Posted on 11/20/2013 5:41:54 AM PST by Cincinatus' Wife

Discretionary Spending--Option 11 Eliminate Human Space Exploration Programs

The National Aeronautics and Space Administration's (NASA's) Human Exploration and Operations programs focus on developing systems and capabilities required to explore deep space while continuing operations in low- Earth orbit. The exploration programs fund research and development of the next generation of systems for deep space exploration and provide technical and financial support to the commercial space industry. Complementing those efforts, NASA's space operations programs involve operating in low-Earth orbit, most notably using the International Space Station, as well as providing space communications capabilities.

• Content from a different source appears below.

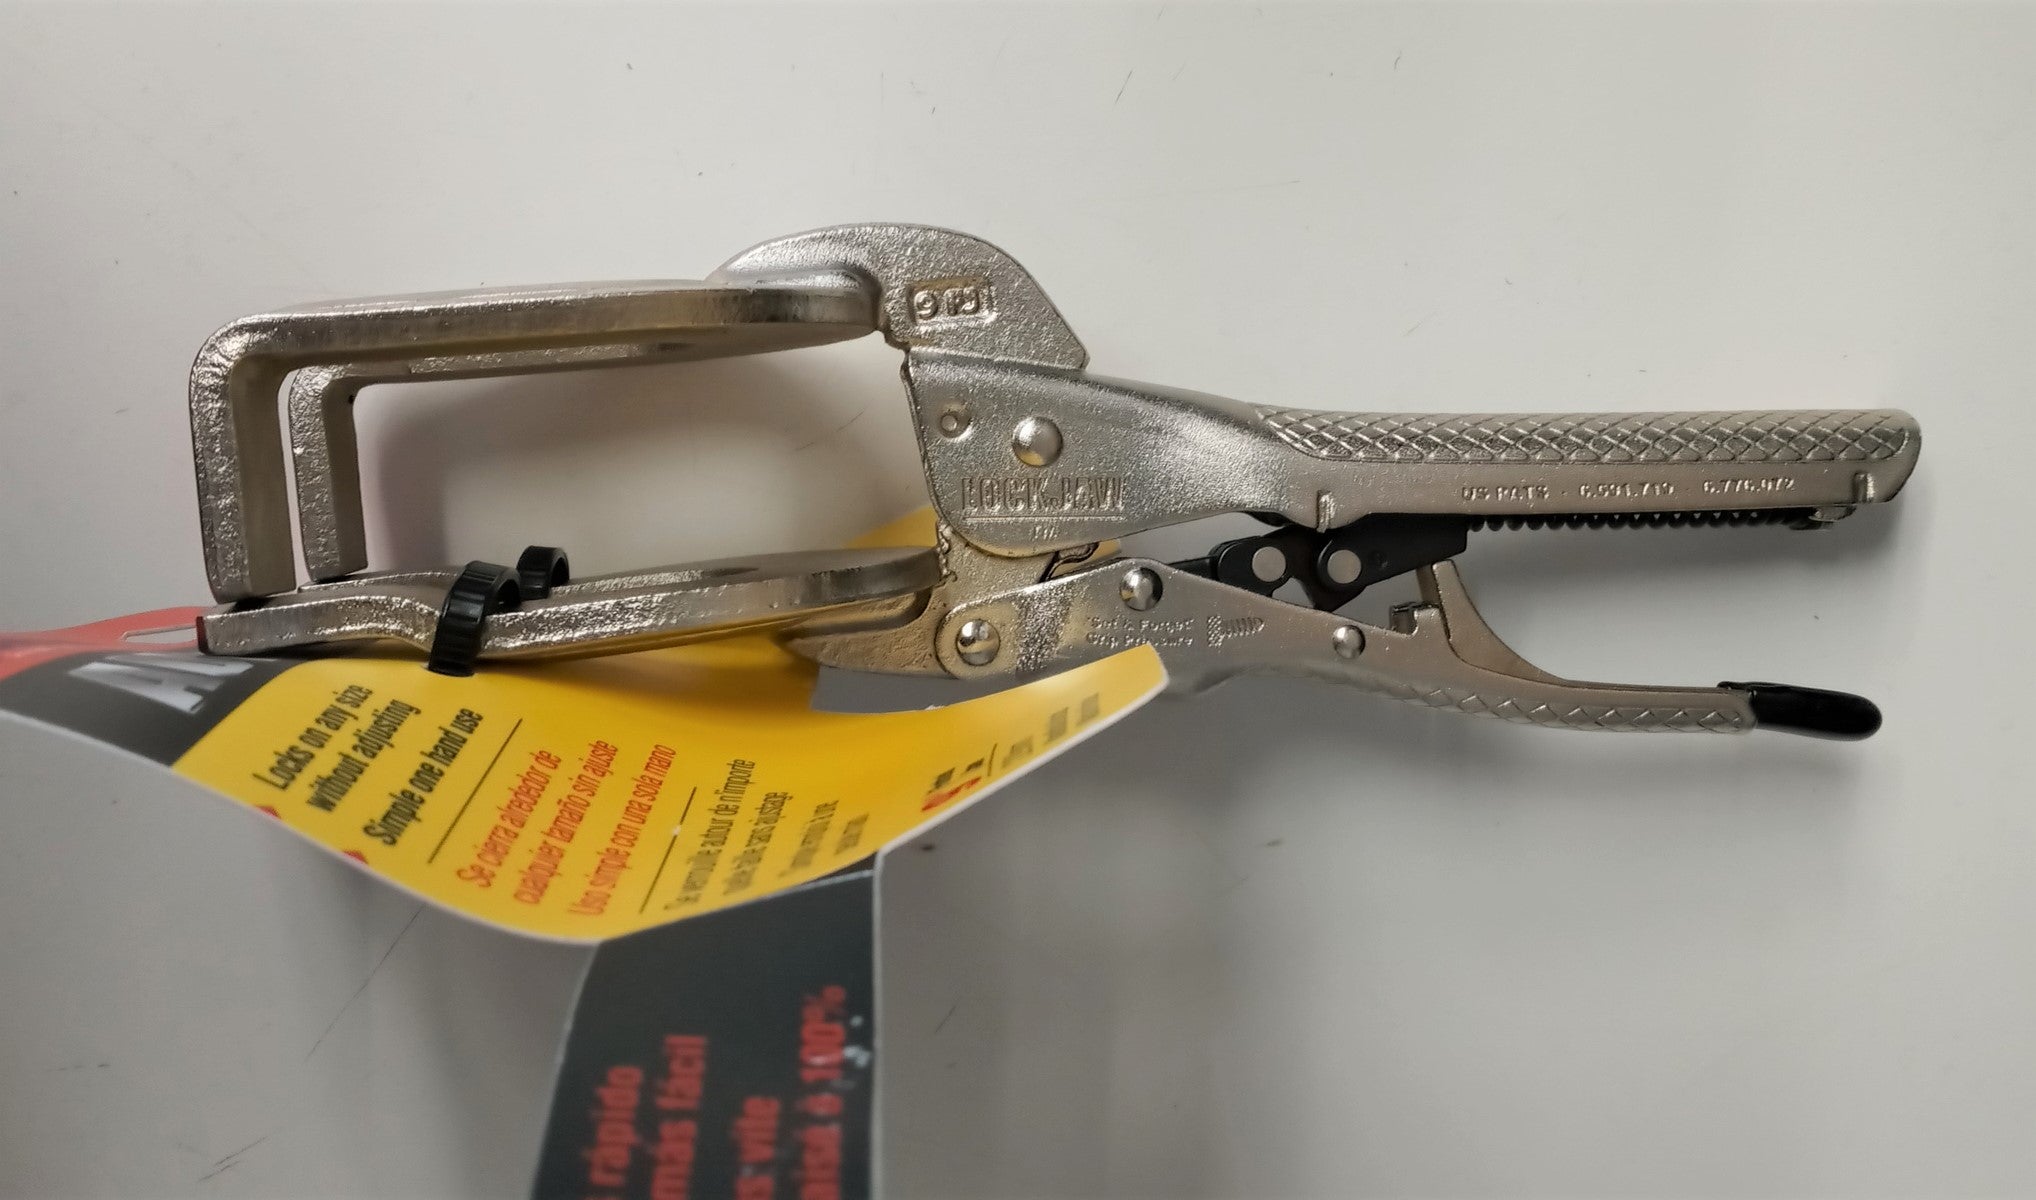 CH Hanson 09500 9 Forked Jaw Self-Adjusting Locking Pliers

This option would terminate NASA's human space exploration and space operations programs, except for those necessary to meet space communications needs (such as communication with the Hubble Space Telescope). The agency's science and aeronautics programs and robotic space missions would continue. Eliminating those human space programs would save $73 billion between 2015 and 2023, the Congressional Budget Office estimates.

The main argument for this option is that increased capabilities in electronics and information technology have generally reduced the need for humans to fly space missions. The scientific instruments used to gather knowledge in space rely much less (or not at all) on nearby humans to operate them. NASA and other federal agencies have increasingly adopted that approach in their activities on Earth, using robots to perform missions without putting humans in harm's way. For example, NASA has been using remotely piloted vehicles to track hurricanes over the Atlantic Ocean at much longer distances than those for which tracking aircraft are conventionally piloted.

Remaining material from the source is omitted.